Satisfied, Pitt turned his attention to himself. All the joints swiveled properly, the muscles functioned, nothing seemed distorted. Yet he didn't escape unscathed. A purplish lump was rising on his forehead, and he noticed a strange stiffening sensation in his neck. Pitt canceled out the discomfort with the consolation that no one appeared to be bleeding. One hairline brush with death was enough for one day, he mused. The last thing they needed now was a shark attack.

Pitt focused on the next problem, getting out of the control car. The door was jammed, small wonder after the beating it had taken. He sat on his buttocks, grasped both hands on the bent frame, and lashed out with his feet. Lashed out was an exaggeration. The water pressure impeded the thrust of his legs. He felt as though he was trying to kick out the bottom of a huge jar of glue. On the sixth attempt, when the balls and heels of his feet could take no more, the metal seal gave and the door swung outward in slow motion.

Giordino emerged first, his head swathed by a surge of bubbles from his breathing regulator. He reached back inside, dug his feet into the sand, braced himself for the chest pain that was sure to come, and gave a mighty heave. With Pitt and Gunn shoving from the inside, a large, unwieldy bundle slowly squeezed through the door and dropped to the sand.

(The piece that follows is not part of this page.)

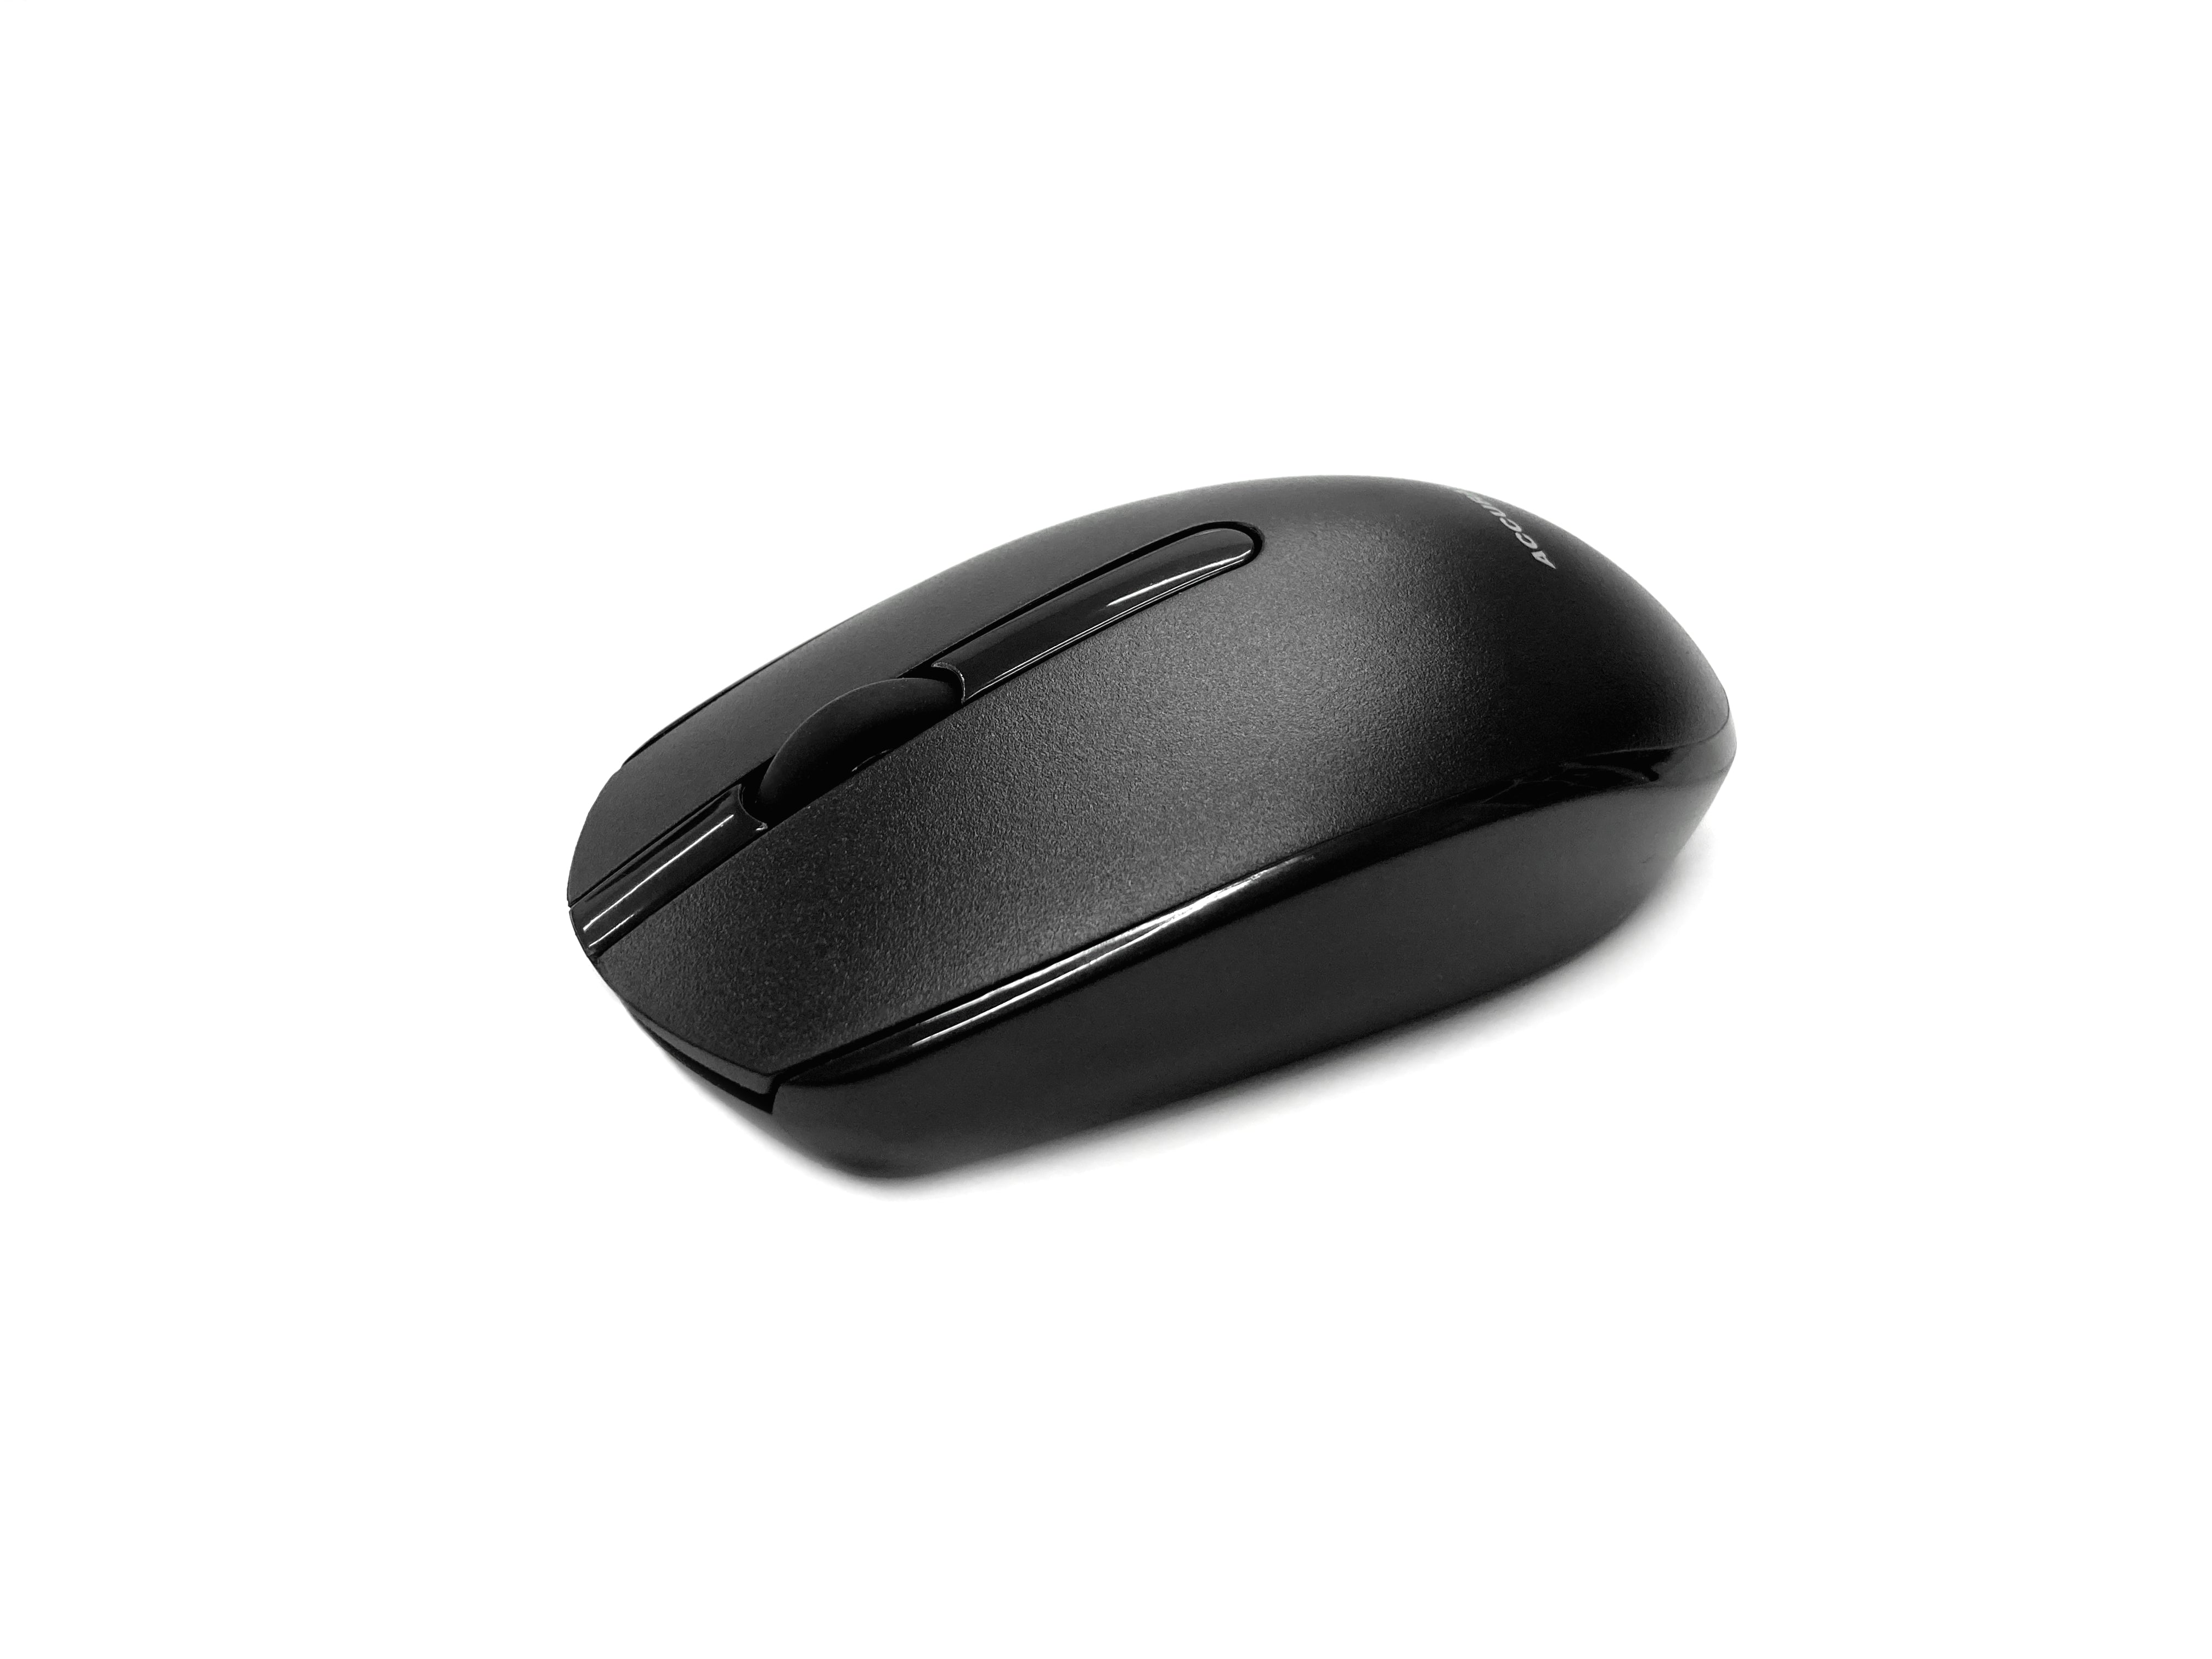 Accuratus M100 Multidevice Wireless - Multidevice Dual Bluetooth 5.1 & RF 2.4Ghz Wireless Full Size Mouse - Black

Then eight steel tanks containing 104 cubic feet of air were passed out to the waiting hands of Giordino.

Inside the mangled control car Jessie fought to equalize her ears with the water pressure. The blood roared and a stabbing pain burst in her head, blanking out the trauma of the crash. She pinched her nose and snorted furiously. On the fifth try her ears finally popped, and the relief was so marvelous that tears came to her eyes. She clamped her teeth on the regulator's mouthpiece and sucked in a lungful of air. How beautiful it would be to wake up in her own bed, she thought. Something touched her hand. It was another hand, firm and rough-skinned. She looked up to see Pitt's eyes staring at her through his mask, they seemed crinkled in a smile. He nodded for her to follow him.